RECORD EXCERPTS:

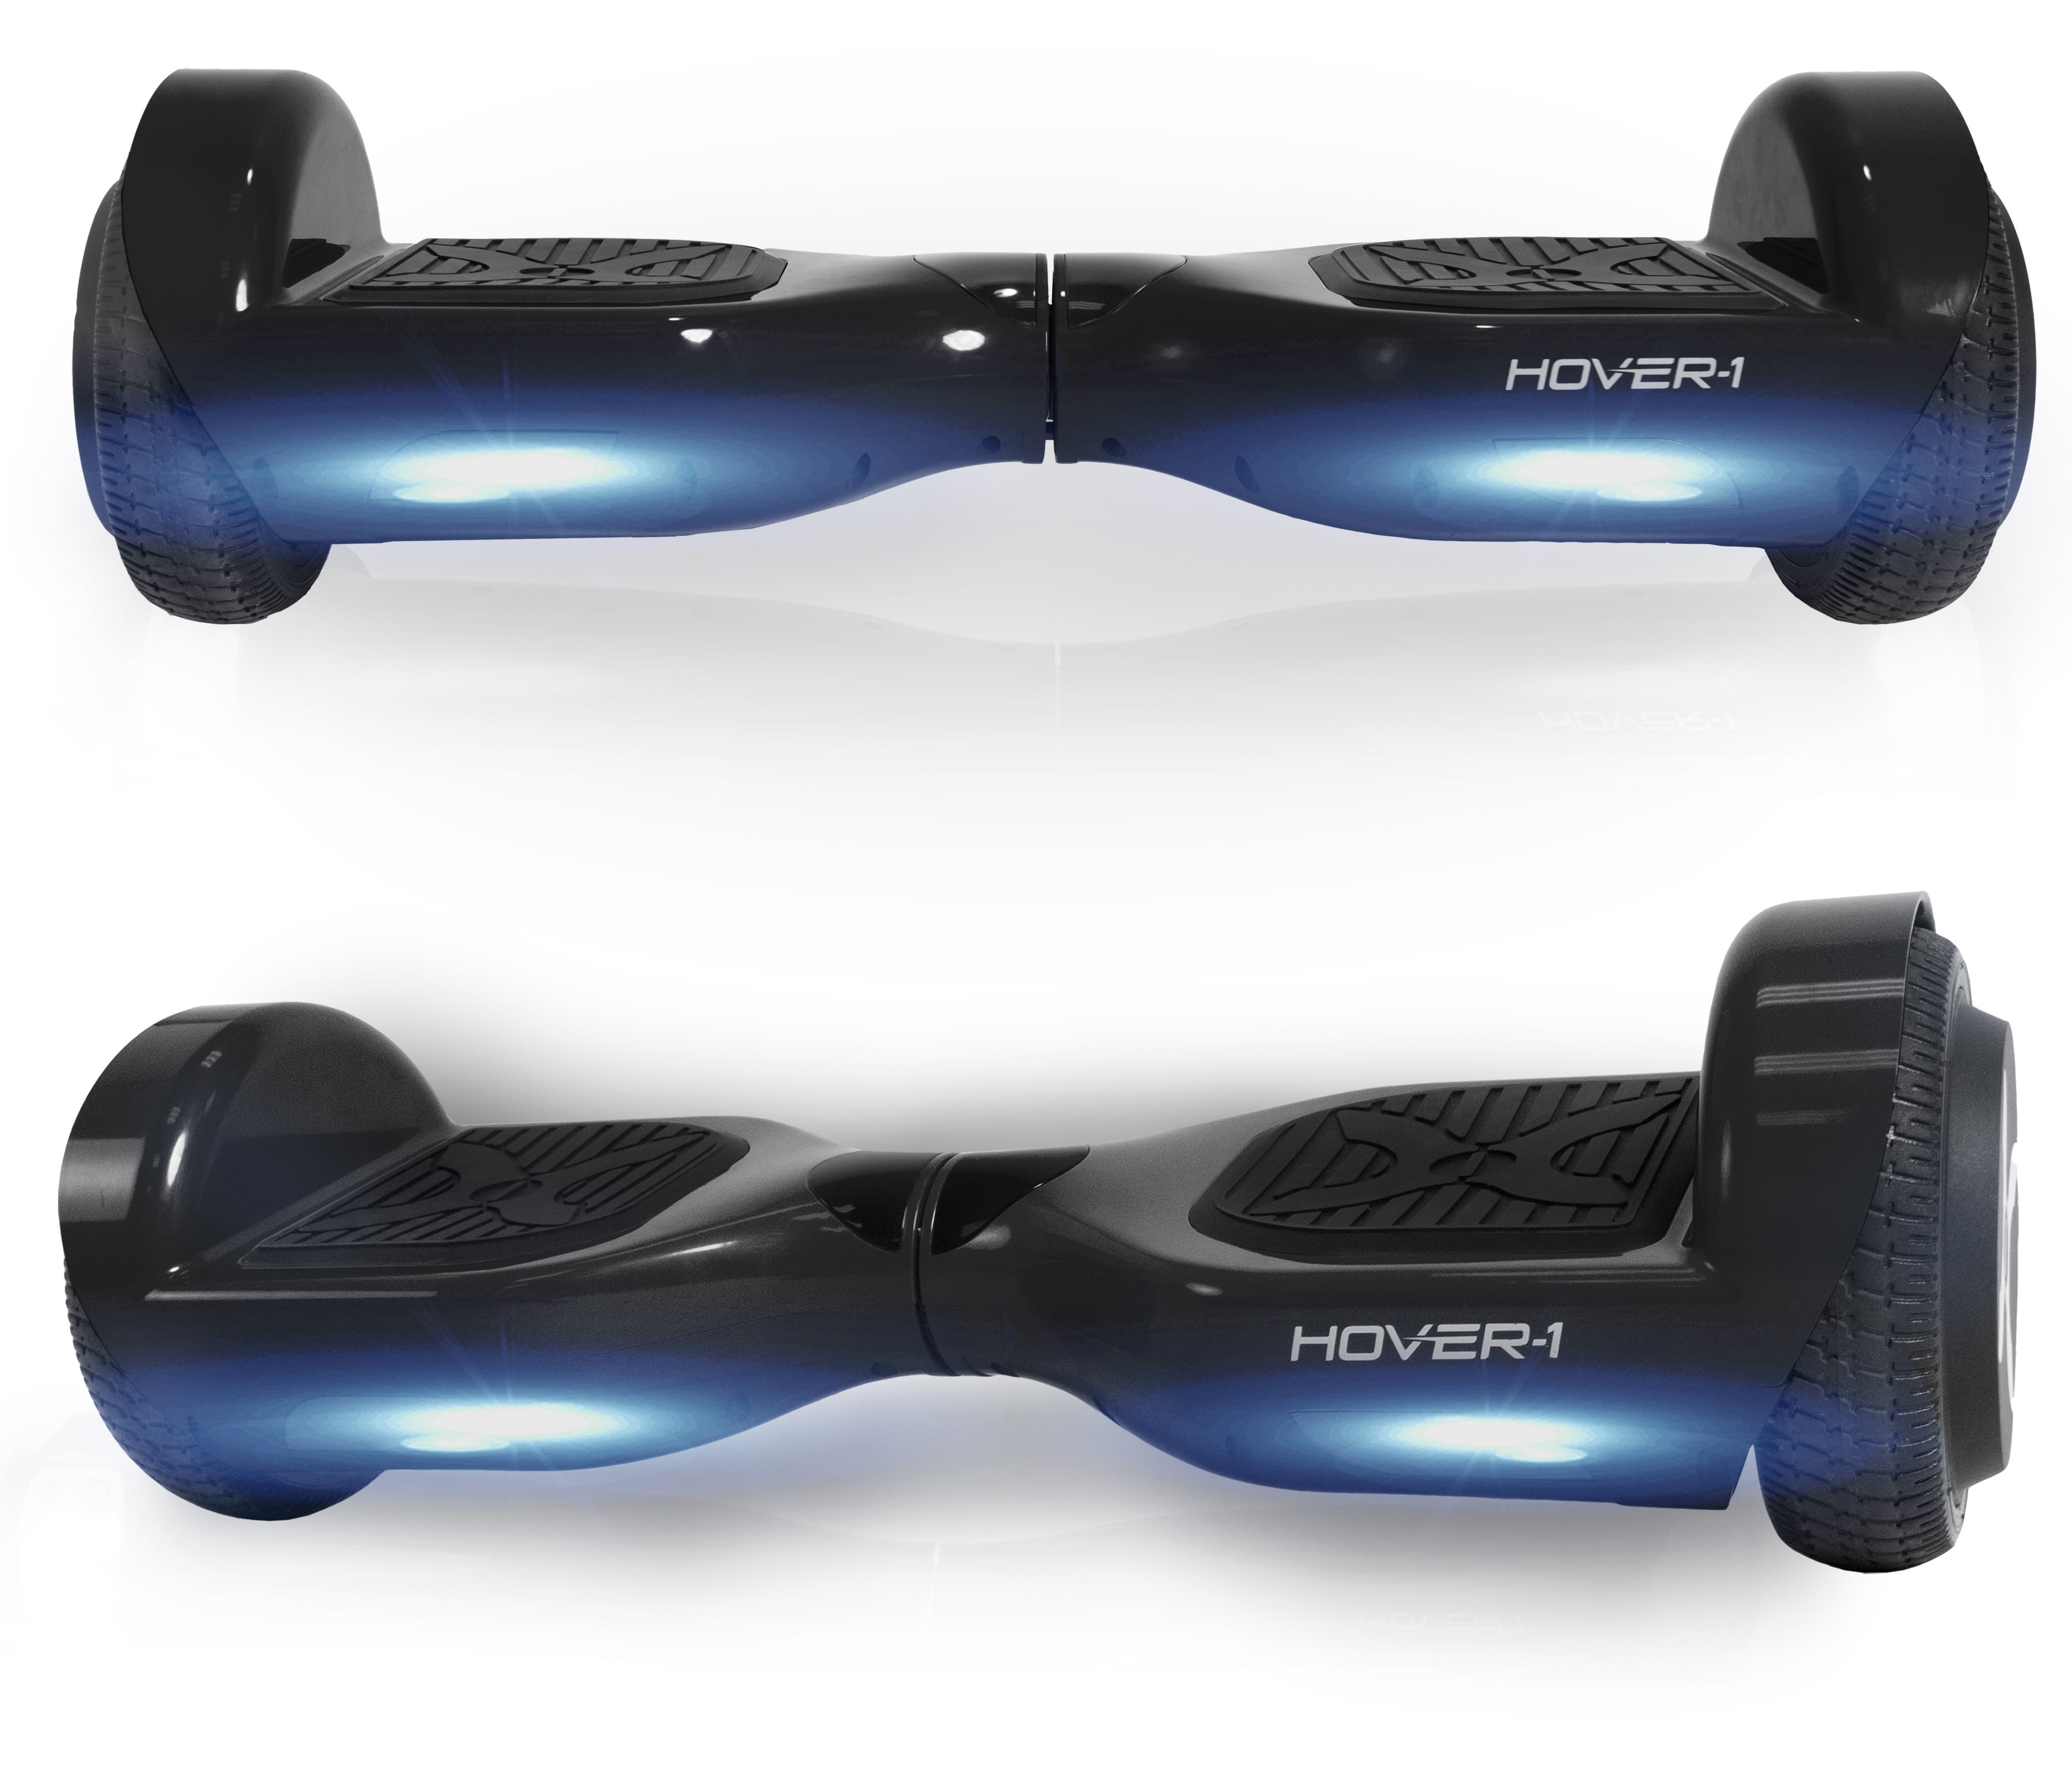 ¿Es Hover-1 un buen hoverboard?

==

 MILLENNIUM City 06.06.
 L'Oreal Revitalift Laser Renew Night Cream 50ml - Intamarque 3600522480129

...

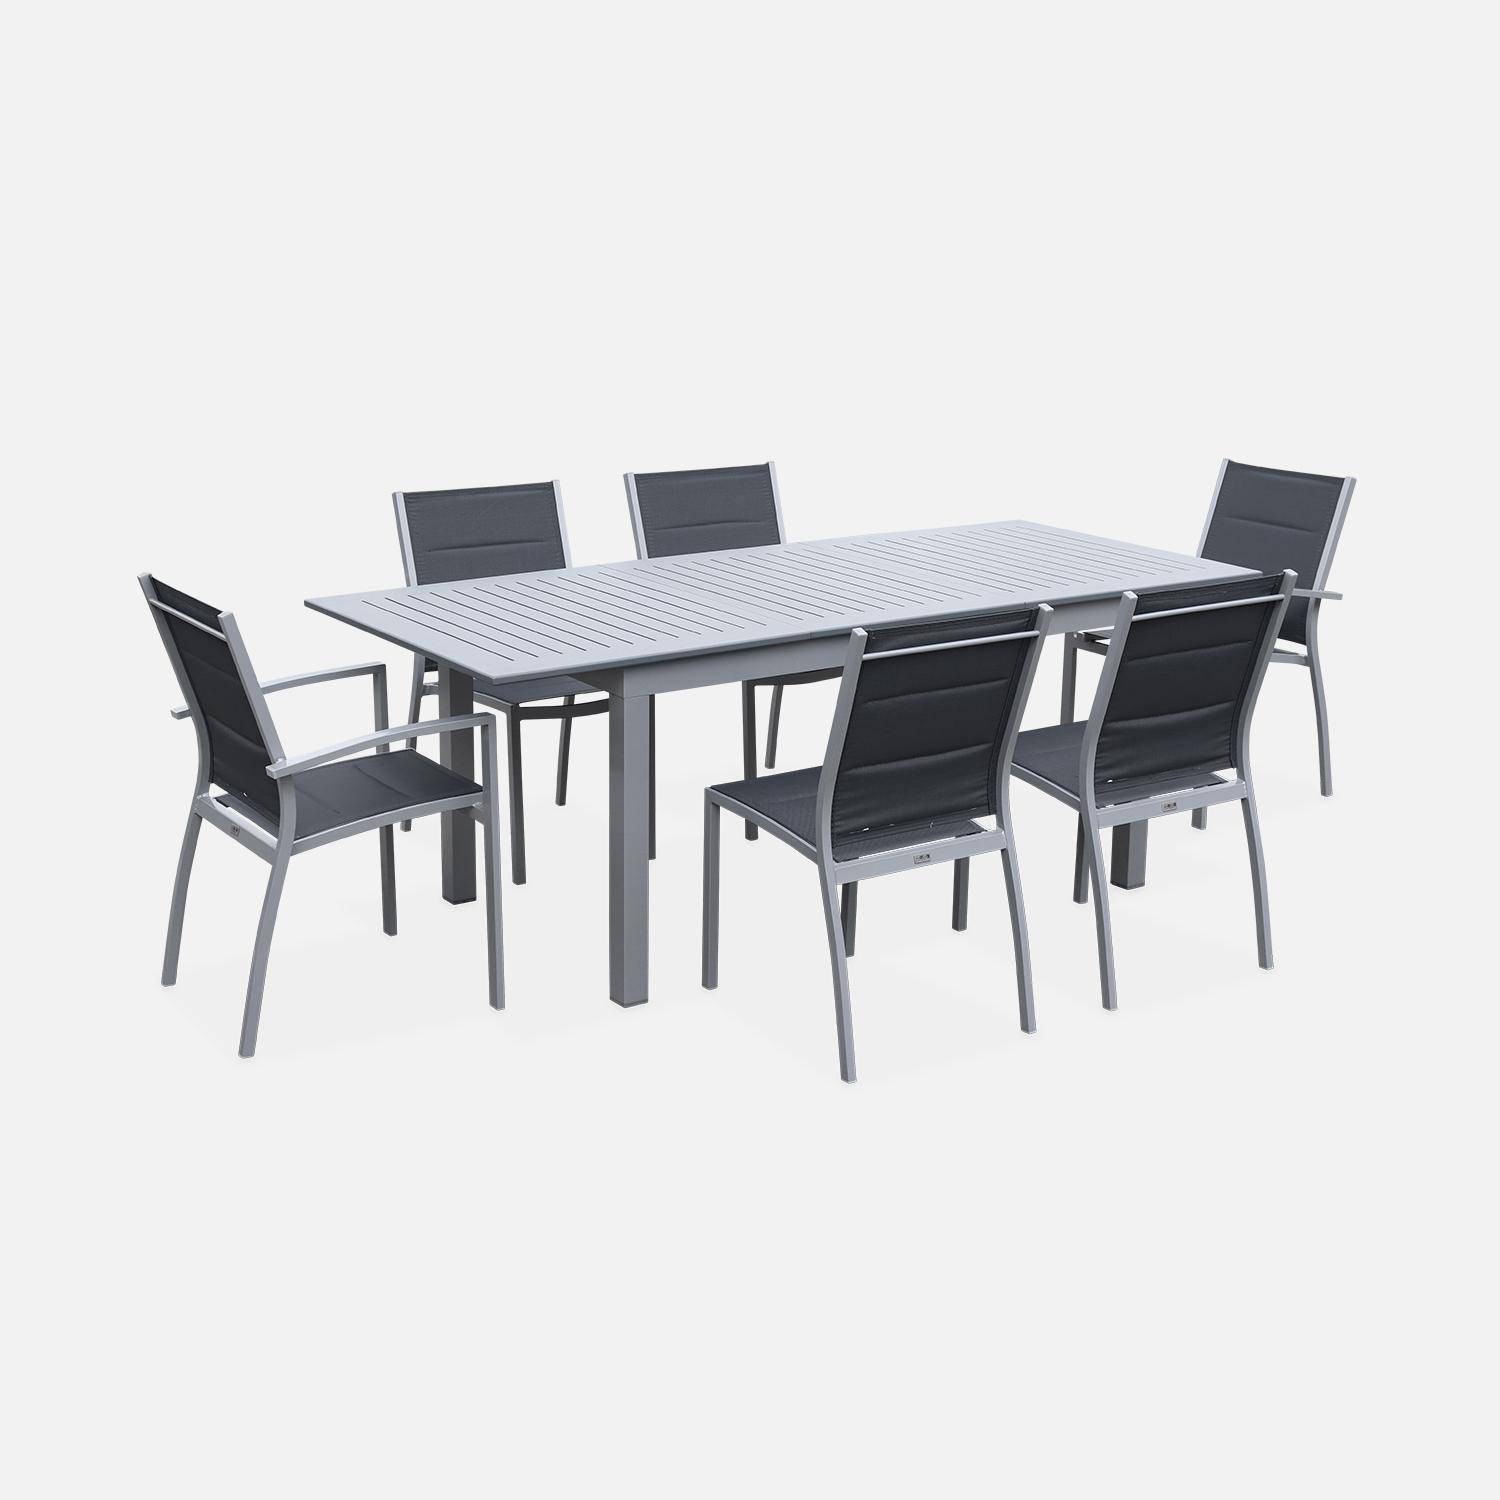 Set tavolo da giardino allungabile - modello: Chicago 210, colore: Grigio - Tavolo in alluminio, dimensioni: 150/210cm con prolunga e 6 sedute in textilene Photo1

AIM OF THE TASK:
As the answer, set down only the lines from the data above between the one holding "MILLENNIUM City 06.06." and the one holding "L'Oreal Revitalift Laser", inclusive, exactly as they read.

SOLUTION:
 MILLENNIUM City 06.06.
 L'Oreal Revitalift Laser Renew Night Cream 50ml - Intamarque 3600522480129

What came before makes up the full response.